Comments/Ratings for a Single Item
One problem with my old unicode conversions is that to get the text to appear as unicode on the page, it had to look like gobbeldygook in the database. By setting the charset to utf8mb4 when opening a PDO connection, I am able to have text appear as unicode on the page while also appearing as unicode in the database. This is a good thing, but it also means that I have to do the unicode conversions over. I just did names of inventors. But to do this, I had to temporarily delete "charset=utf8mb4" from connect_to_database(), so that the text would appear correctly on the page so that I could copy and paste it to the database. When I'm not doing more conversions, I'll set it back to utf8mb4. Until the conversions are done, I'll be alternating between making the charset utf8mb4 and not making it that, and some non-ASCII strings will look weird. When it's all done, I'll set the charset to utf8mb4 for good, and all non-ASCII text should look correct.
So far, I have fixed the names of inventors and authors, and I have started on other names. But I stayed on the computer so long that artifacts have started floating in front of my eyes. So I'll have to get back to this later.
I now have a plan for automating the rest of the conversions. In a test, I opened two PDO connections, one with charset set to utf8mb4 and one with it not. I read a column with it not set, and I updated the same column with it set. Doing this corrected it just as if I had cut and pasted the correct version. I don't want to stay on the computer much longer tonight, but I can write a script tomorrow that uses two different PDO connections to automatically convert the database strings to proper Unicode.
4 comments displayed
Permalink to the exact comments currently displayed.
I made some conversions to UTF-8 today.
I converted the Chinese page for Chess by viewing the source code in the correct encoding, then copying that into a UTF-8 document.

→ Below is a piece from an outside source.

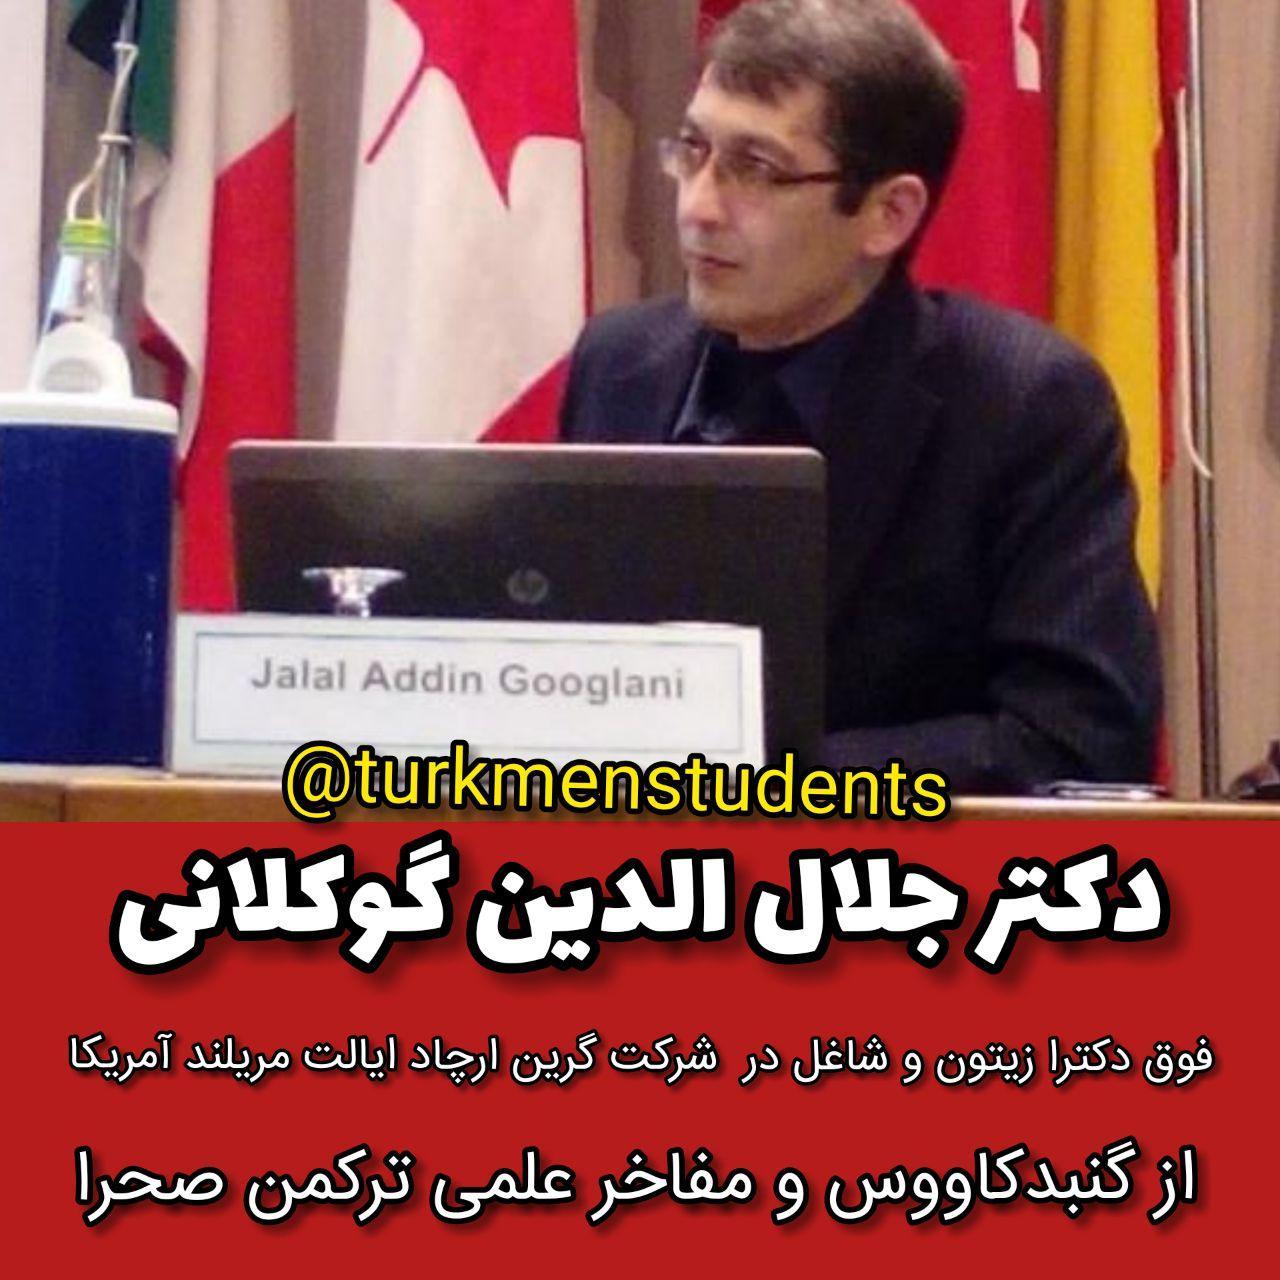 دکتر جلال الدین گوکلانی
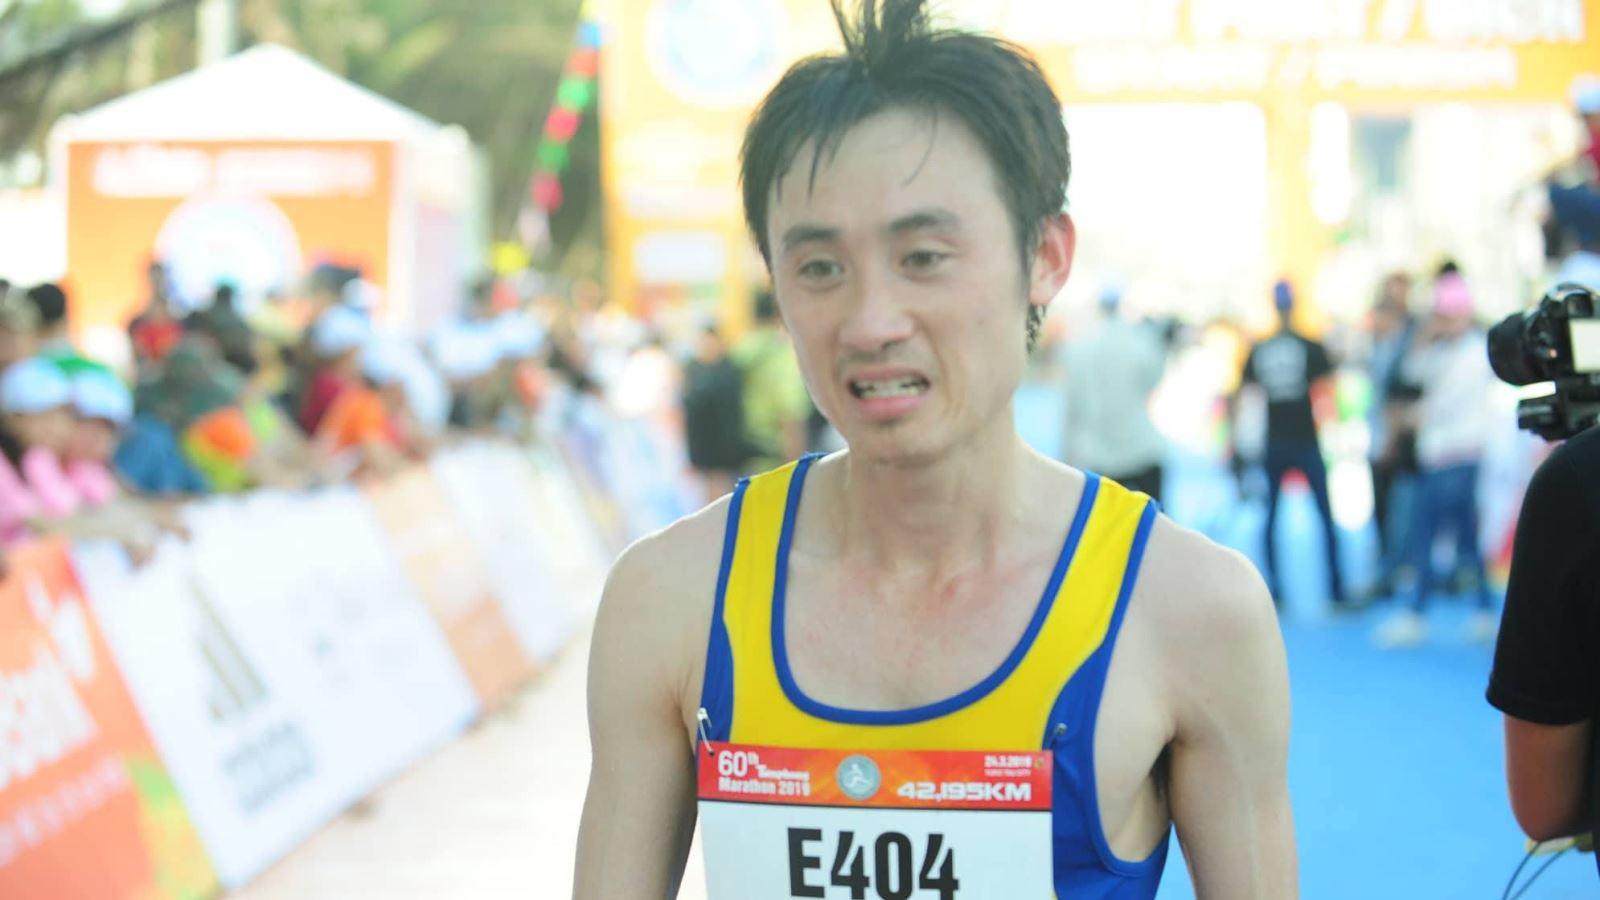 Bùi Thế Anh về nhất marathon nam ở giải Việt dã toàn quốc và Marathon báo Tiền Phong 2019

For the rest, I did conversions with a script. If a string was detected to be either ASCII or UTF-8, I left it alone. If a string that was neither ASCII nor UTF-8 was detected to be Windows-1252, I converted it from Windows-1252 to UTF-8. If it wasn't detected to be any of these, I detected its encoding and converted it from that to UTF-8.
I converted the first and last names in the Person table to UTF-8.
I converted the following items from MemberSubmissions to UTF-8. I checked the first one before doing the rest, and I checked a few random ones after running the conversion, each one checking out fine.